Two items here.
oVirt version 3.6.4 Fresh install, not an upgrade.
First, I noticed this issue when I did an install on a test machine but
I didn't have the data to present. Because of that and some other
posts dealing with the network issue I kept notes when I installed on
my production system. I'm doing a hosted-engine setup.
As part of the preparation I did the following before installing and
deploying.
* Removed NetworkManager with yum remove NetworkManager
* The NIC that will be used for the oVirt management NIC is connected
to a switch port expecting VLAN 50 so I set up a VLAN50 ifcfg file.
* The IP address of the server, prefix, gateway, and TWO DNS servers
were setup in the ifcfg file. and name resolution worked. I could ping
the host by name as well as the oVirt Engine VM which was in DNS so the
name resolved but obviously nothing would reply. Other servers and
workstations could resolve the host and engine names.
1. On the host I ran hosted-engine --deploy and installed the OS
(Centos 7 (1511) on the Engine VM. I rebooted the Engine VM, told the
deployment that the Engine VM was running and it then continued and
deployment told me to install the engine on the Engine VM.
2. I updated the Engine VM via yum update, installed the oVirt
repositories, and ran the engine-setup which completed successfully.

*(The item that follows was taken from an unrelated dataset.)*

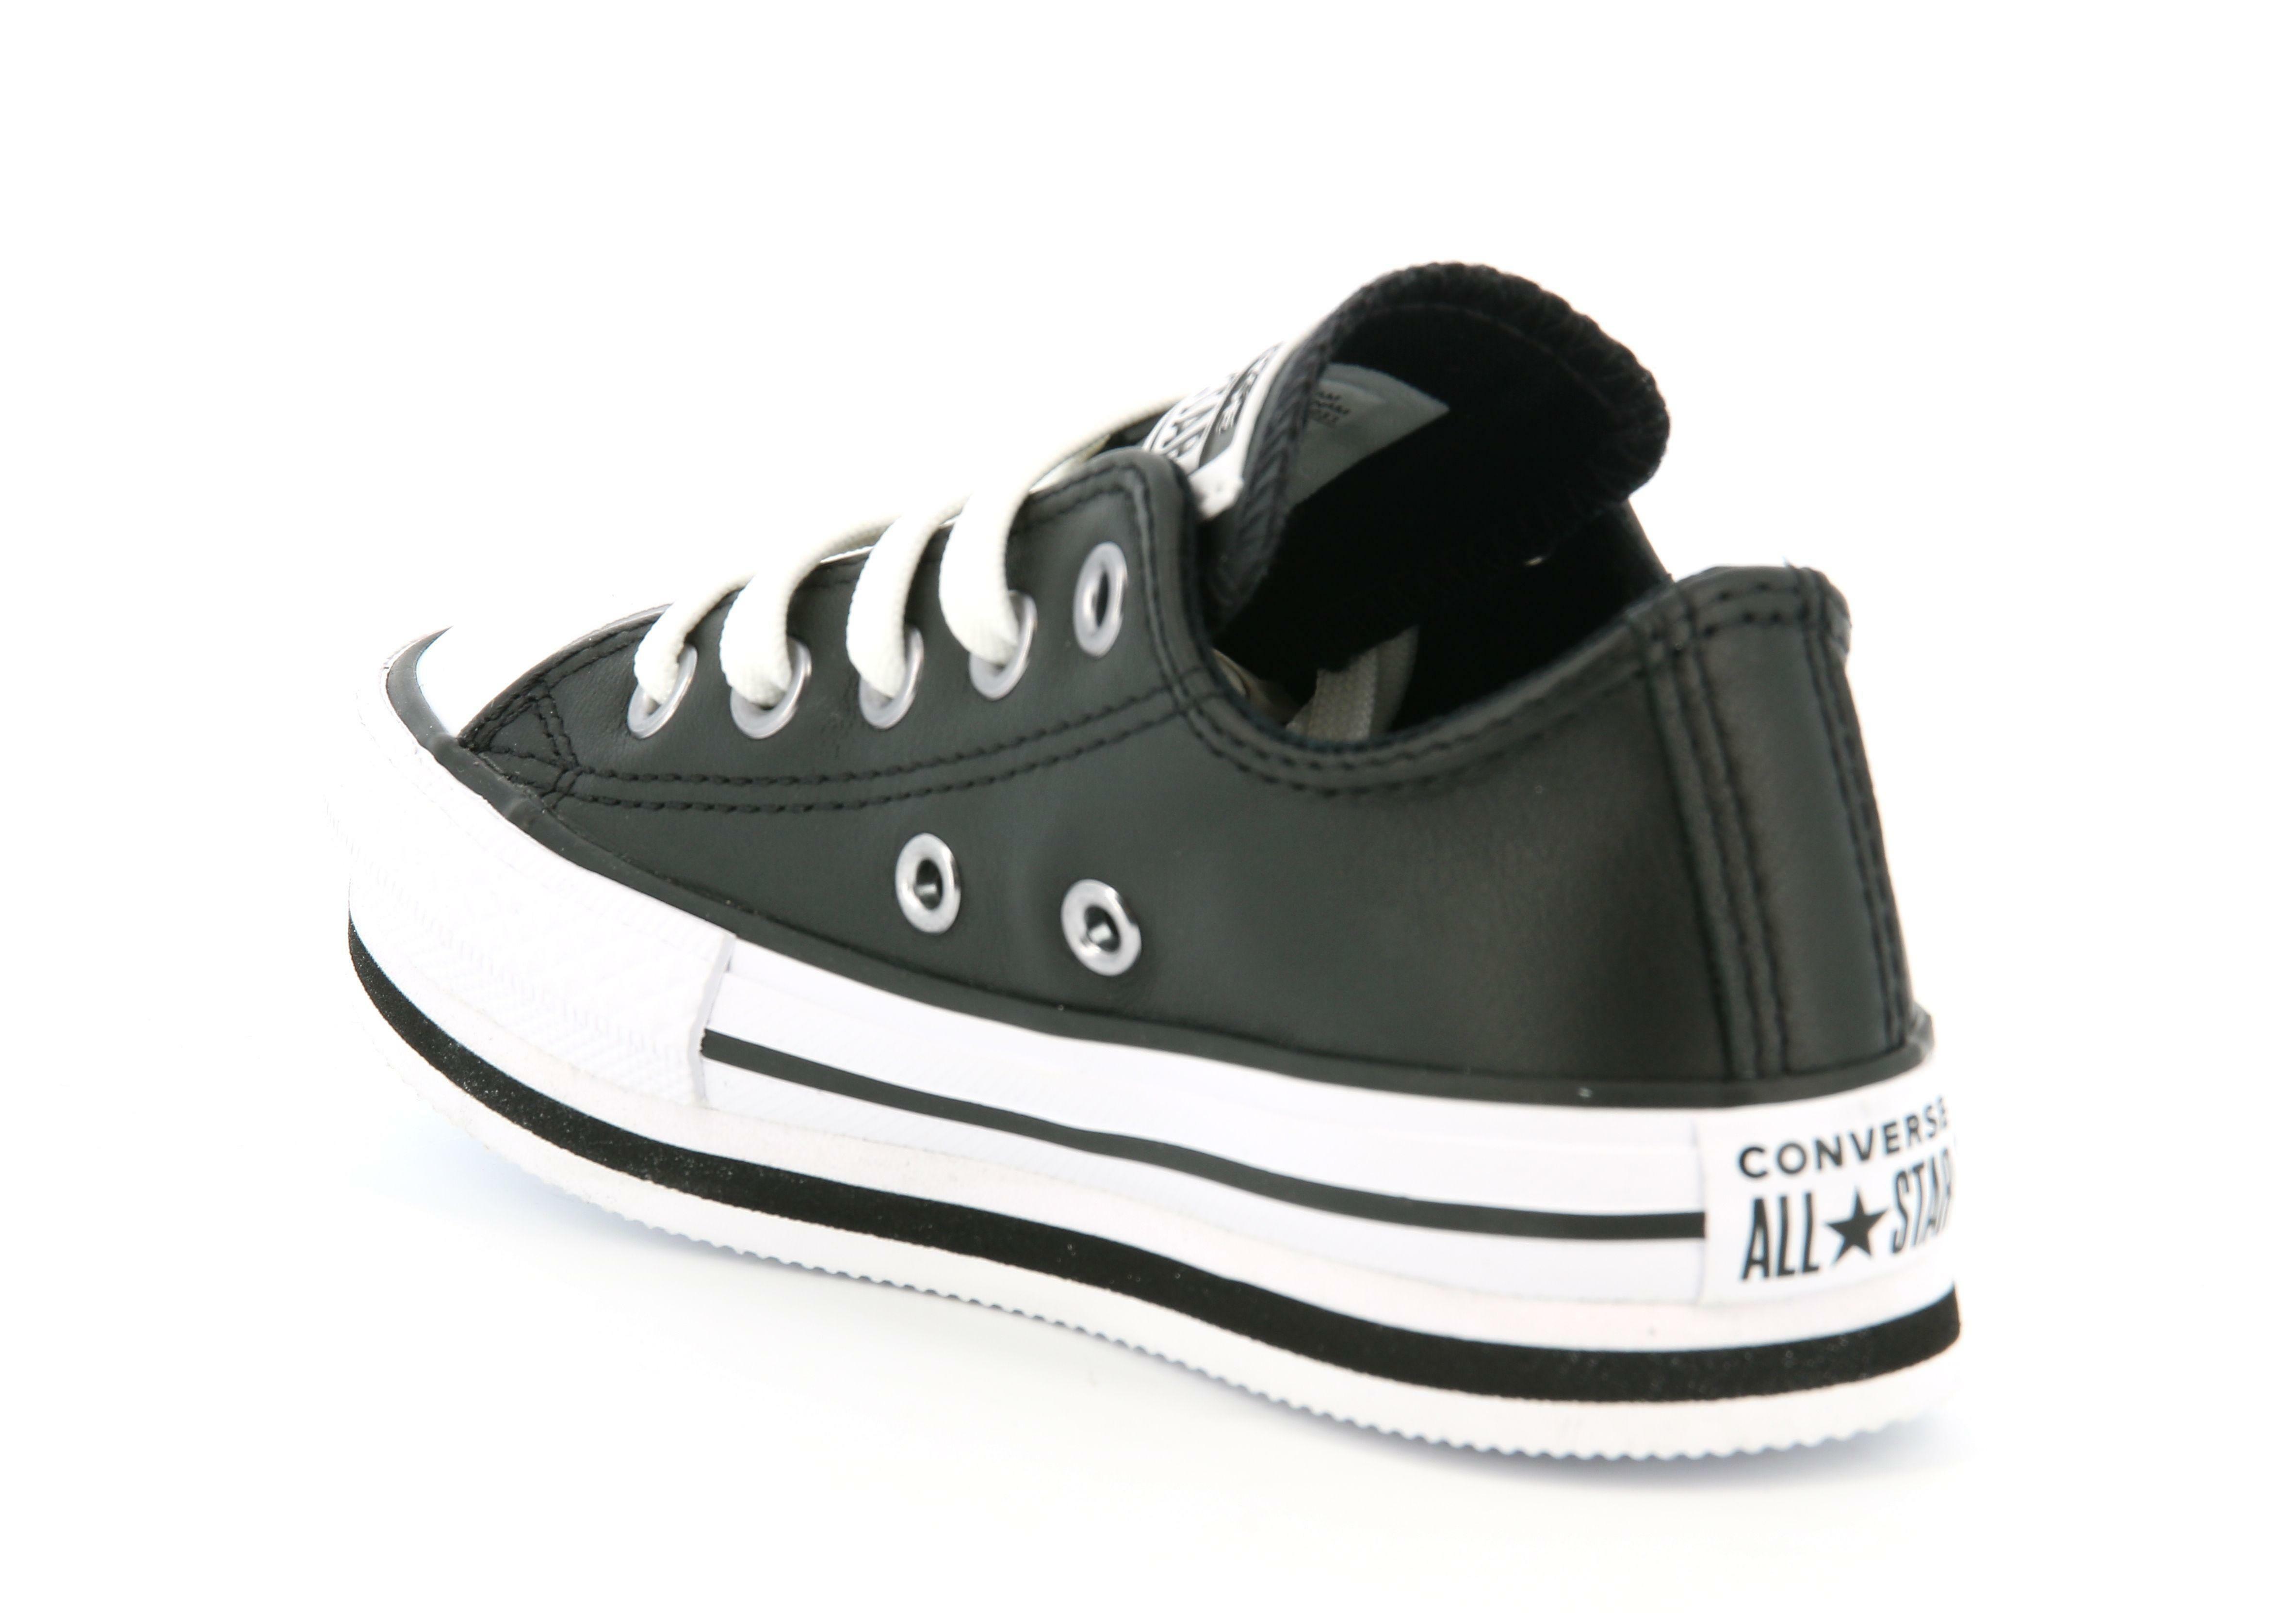 converse converse ctas eva lift ox 669710c sneakers da bambina nero

3. I then went back to the host and told it the Engine was setup and at
this point things went bad. The deployment started whining about not
being able to resolve
myenginevm.mydomain.com host, did cleanup, per-
termination, termination, and said the deployment failed and the system
was unreliable, fix it, whine, whine, whine.
4. I tried a ping on
myenginevm.mydomain.com and it failed.
What I found was that when the bridge was created (ifcfg-ovirtmgmt) the
DNS servers were left out! They were in the original NIC ifcfg file
but it appears the deployment didn't bother to bring them over to the
bridge ifcfg. I find this very puzzling since the deployment insists
on FQDNs so it should be smart enough to bring over the DNS server
settings and not leave them out. My /etc/resolv.conf file also had no
DNS servers in it.
I added the DNS server to the bridge ifcfg file, did a systemctl
restart network and all is well again. The host can ping the VM!
However, the deployment thinks it failed and I can not restart the
Engine VM. I tried a reboot, made sure the ovirt daemons were running
but if I try and do anything such as hosted-engine vm-start I get
"Unable to read vm.conf, please check ovirt-ha-agent logs".
Second, I think that having the deployment fail simply because it can
not contact the Engine VM is a very huge error/bug/whatever - its
silly. The deployment went well, the VM exists and is running but due
to the deployment messing up the DNS servers it just can't find it.
The deployment should first, handle the name server setup correctly
and second fail gracefully..
I rebooted the server but still get the error about not being able to
read vm.conf. At this point I now have to run through the entire
deployment again just because one phase messed up unless there is a way
to work around this. However, in the work that I've done with oVirt
I've notice the deployment is not real robust and when it encounters
errors that should allow it to recover. I suggest that consideration
be given to making the deployment smarter and more robust.